Now lets create two dictionaries - train_data_X and train_data_y 

* Run through the train_set, and check if the 'Sales' are not equal to 0 and 'Open' is not equal to 0 ( we do not want to store features for which sales is zero and the store is not open)
* If yes(store is open and sales is not 0), then store the features(from **feature list function**) into a variable named f1
* append the f1 values in train_data_X
* append the **Sales not equal** to 0 to train_data_y

In [None]:
feature_list(train_data[26789])

[2013, 1, 25, 1085, 5, 1, 1, 'BE']

In [None]:
train_data_X = []
train_data_y = []

for record in train_data:
  #your code here
  if record['Open'] == '0' or int(record['Sales']) == 0:
    continue
  else:
    f1 = feature_list(record)
    train_data_X.append(f1)
    train_data_y.append(int(record['Sales']))


In [None]:
#again check how your train_data_X looks
train_data_X[0]

# at this point your data should have 8 values - something like this [1, 948, 2, 0, 2013, 1, 1, 'BW']

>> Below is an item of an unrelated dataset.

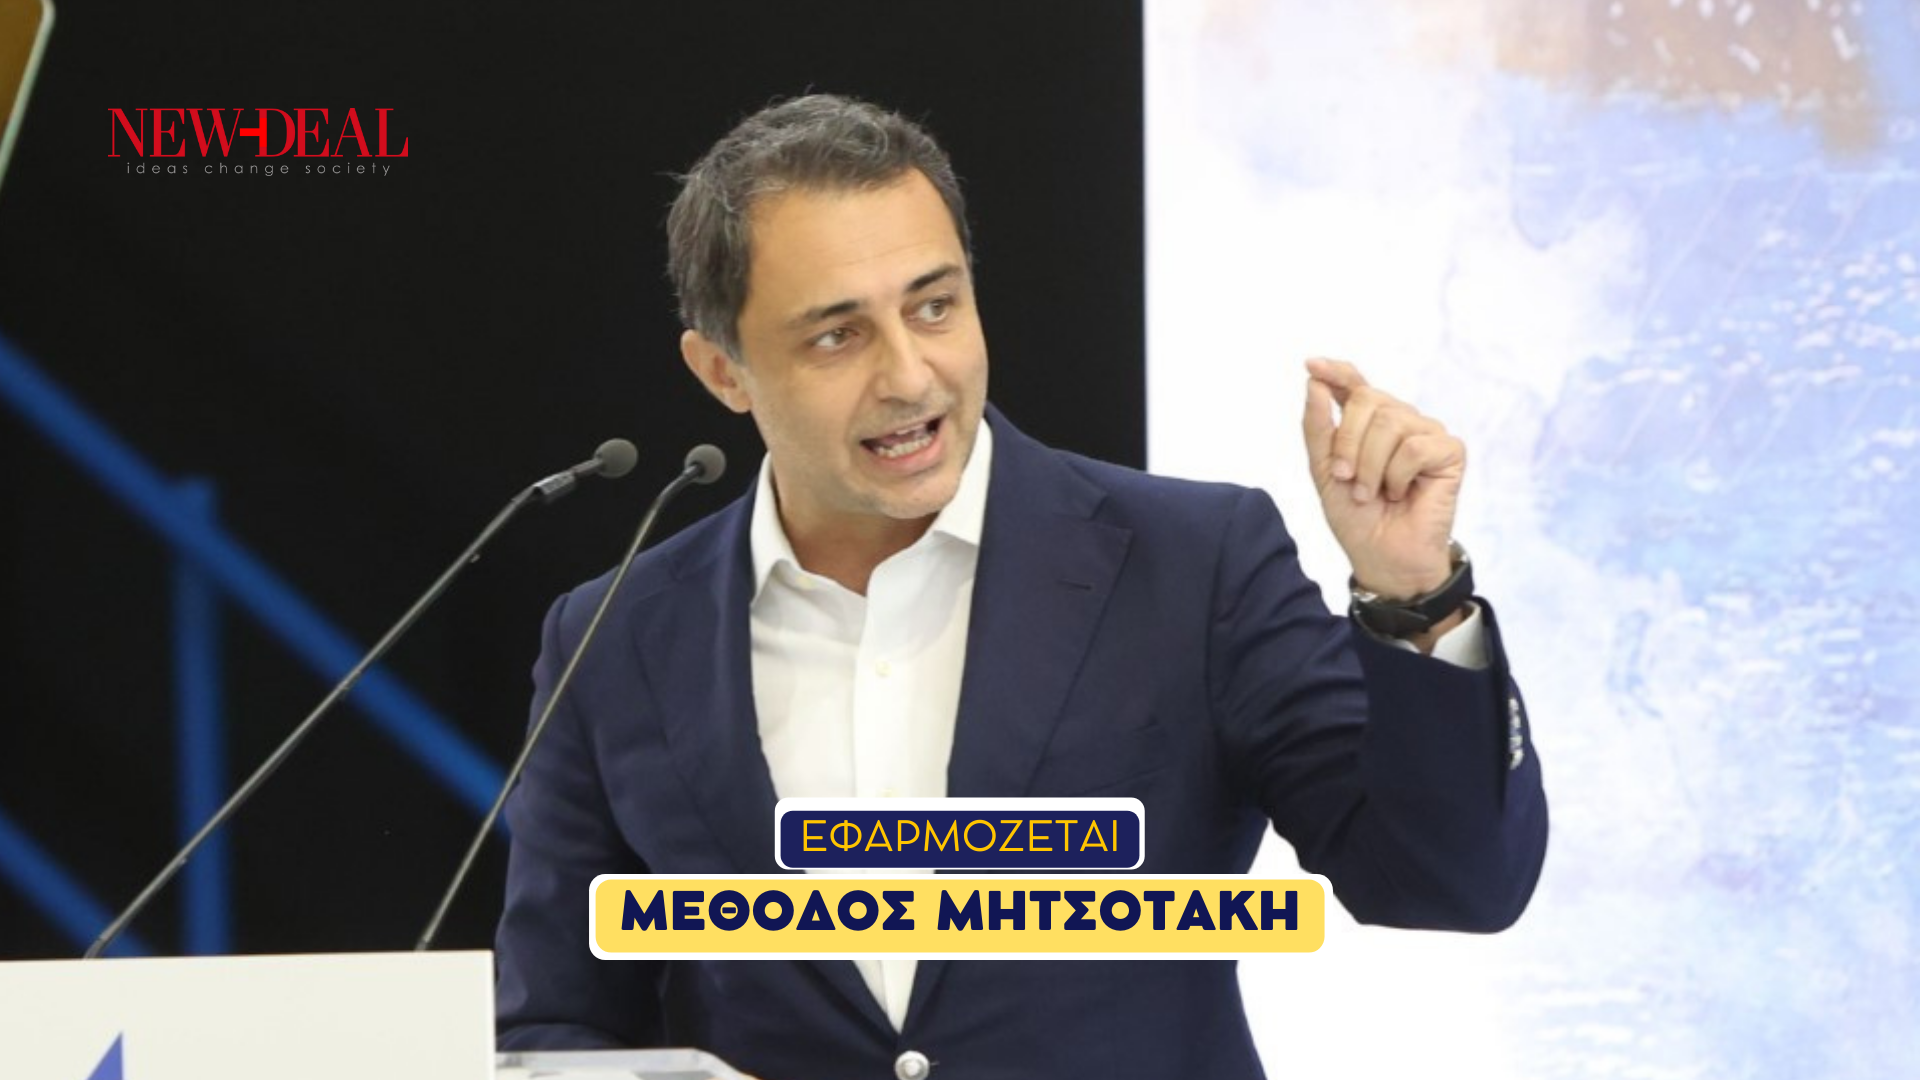 Μάξιμος Σενετάκης | Με την μέθοδο Μητσοτάκη ξεπερνάμε τις κρίσεις new Deal

[2013, 1, 1, 1097, 2, 0, 1, 'RP']

The next step is going to be labelencoding(the idea is to actually ordinally encode it, but we can use LabelEncoding here as well - look at the sklearn documentation for both) the train_data_X. We do this using LabelEncoder from sklearn

We will run this for the **complete train_data_X**

In [None]:
le = LabelEncoder()
check_X = train_data_X
check_X = np.array(check_X)
train_data_X = np.array(train_data_X)
les = []
for i in range(train_data_X.shape[1]):
    #your code here
    le.fit(train_data_X[:,i])
    train_data_X[:,i] = le.transform(train_data_X[:,i])
    les.append(train_data_X[:,i])

In [None]:
len(les)

8

In [None]:
#again check how your train_data_X looks 
train_data_X[1]

array(['0', '0', '0', '1058', '1', '0', '0', '1'], dtype='<U21')

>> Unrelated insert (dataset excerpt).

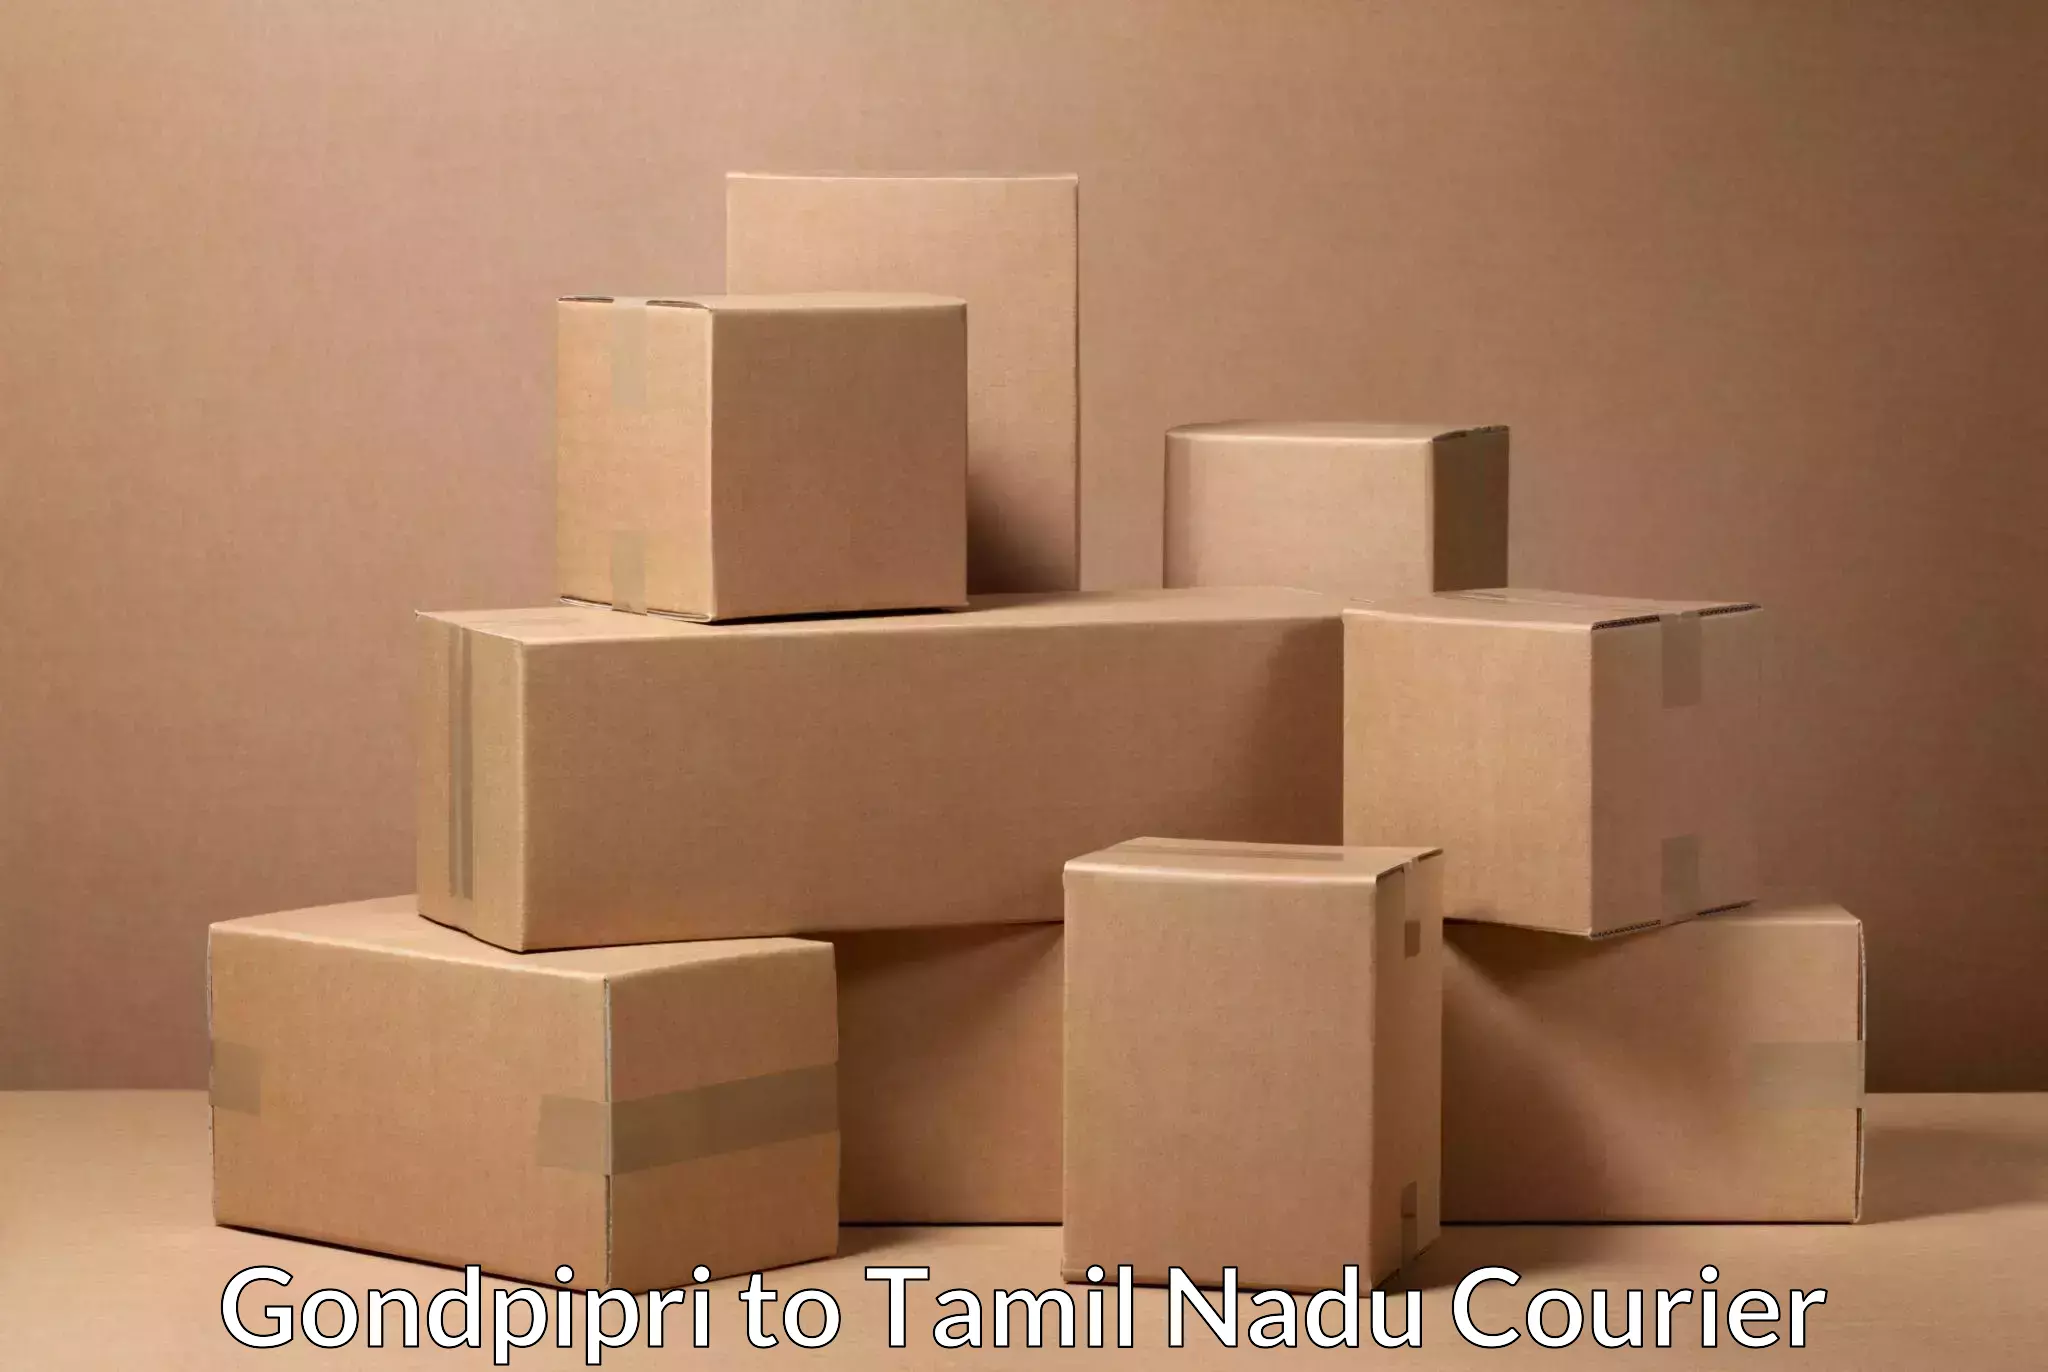 Bulk courier orders Gondpipri to Cuddalore

We will dump the les dictionary(defined in the previous step) into les.pickle

And convert our train_data_X as **int** datatype, and save our train_data_y as an **numpy array**

In [None]:
with open('/content/drive/MyDrive/Colab files/Homework 2 - ML2/les.pickle', 'wb') as f:
    pickle.dump(les, f, -1)
train_data_X = train_data_X.astype(int)
train_data_y = np.array(train_data_y)

Finally we will store our train_data_X, train_data_y in a pickle file - **feature_train_data.pickle**

In [None]:
with open('/content/drive/MyDrive/Colab files/Homework 2 - ML2/feature_train_data.pickle', 'wb') as f:
    pickle.dump((train_data_X, train_data_y), f, -1)
    print(train_data_X[0], train_data_y[0])

[  0   0   0 109   1   0   0   7] 5961


## You are done with Part 1 of the Homework!


Save all the pickle files locally in your system/drive - these will be used in the next parts!